Reputation: 678
I want to automate data fetching from USDA website, where I am specifically interested in few categories for data selection. To do so, I tried the following:
import io
import requests
import pandas as pd
url = 'https://www.marketnews.usda.gov/mnp/ls-report-retail?&repType=summary&portal=ls&category=Retail&species=BEEF&startIndex=1'
query_list = {"Report Type":"item","species":"BEEF","portal":"ls","category":"Retail", "Regions":"National", "Grades":"ALL", "Cut": "All", "Dates_from":"2019-03-01", "Dates_to":"2021-02-01"}
req = requests.get(url, params=query_list)
df = pd.read_csv(io.StringIO(req.text), sep="\s\s+", engine="python")
df.to_csv("usda_report.csv")
but I couldn't get the expected dataframe that I want, here is the output that after I tried to run above attempt:
ParserError: Expected 1 fields in line 117, saw 2. Error could possibly be due to quotes being ignored when a multi-char delimiter is used.
desired output
I need to pass these queries to do correct data selection: Category = "Retail"; Report Type = "Item"; Species = "Beef"; Region(s) = "National"; Dates_from = "2019-03-01"; Dates_to = "2021-02-15"
.
ideally, I want to pass those queries and want to get the following dataframe (head of dataframe):
update
in my desired outputs, I need those columns: Date
, Region
, Grade
, Cut
, Retail Items
, Outlets
or number of stores
, Weighted Avg
from the above attempt, I couldn't get the output dataframe like this. How should I fetch data correctly? Can anyone suggest possible of doing this right in pandas? any idea?
Upvotes: 0
Views: 326
Reputation: 23064
You must add the query parameter format=text
to get the data in csv format from this web site.

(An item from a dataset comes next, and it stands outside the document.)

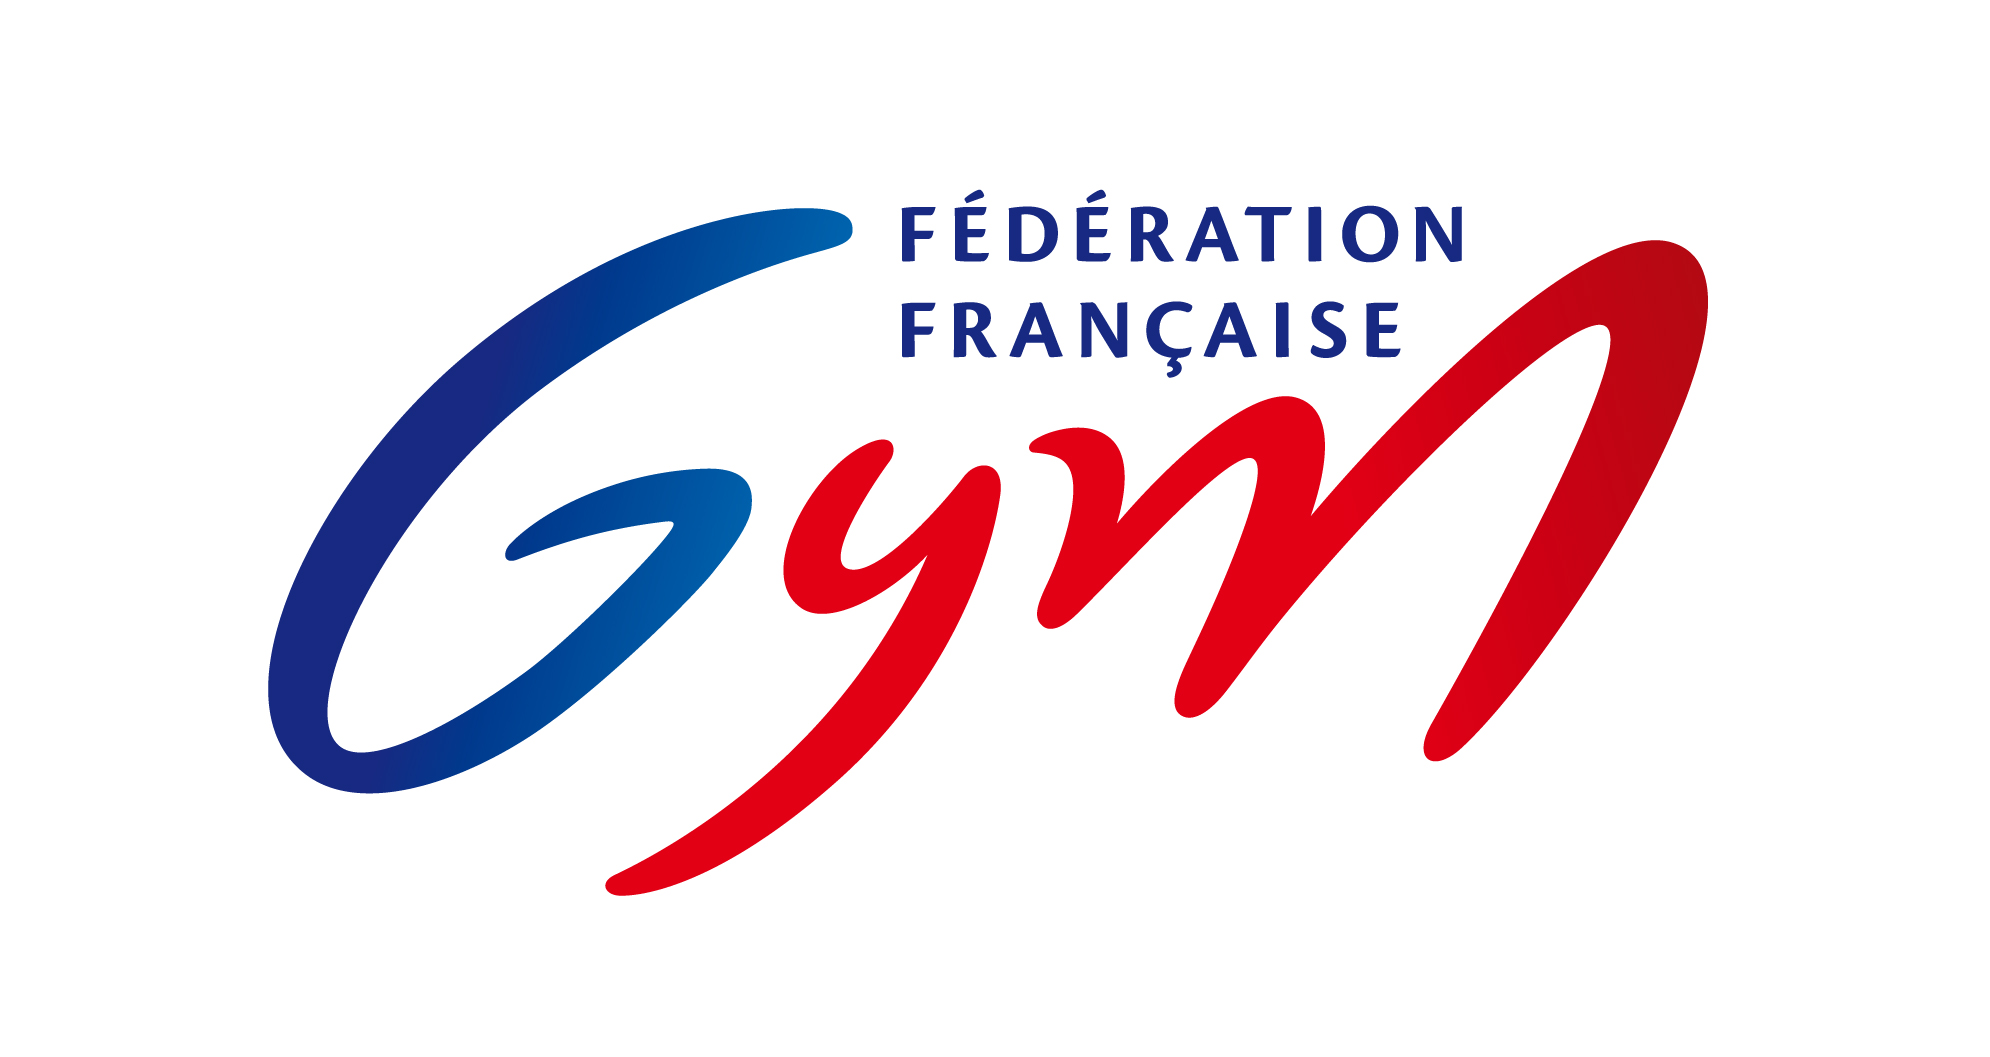 Logo FFGYM

url = 'https://www.marketnews.usda.gov/mnp/ls-report-retail'
query_list = {
"format":"text",
"repType":"item",
"species":"BEEF",
"portal":"ls",
"region":"NATIONAL",
"cut":"0",
"repDate":"03/01/2019",
"endDate":"02/01/2021",
}
req = requests.get(url, params=query_list)
df = pd.read_csv(io.StringIO(req.text), sep="\s\s+", engine="python")
You might have to modify the query parameters further. You can use the web site with your browser and change the filters you want. Then you can convert the current query parameters in the url to json with this command in the javascript terminal.
JSON.stringify(Object.fromEntries(new URLSearchParams(location.search)), null, 2)
Upvotes: 1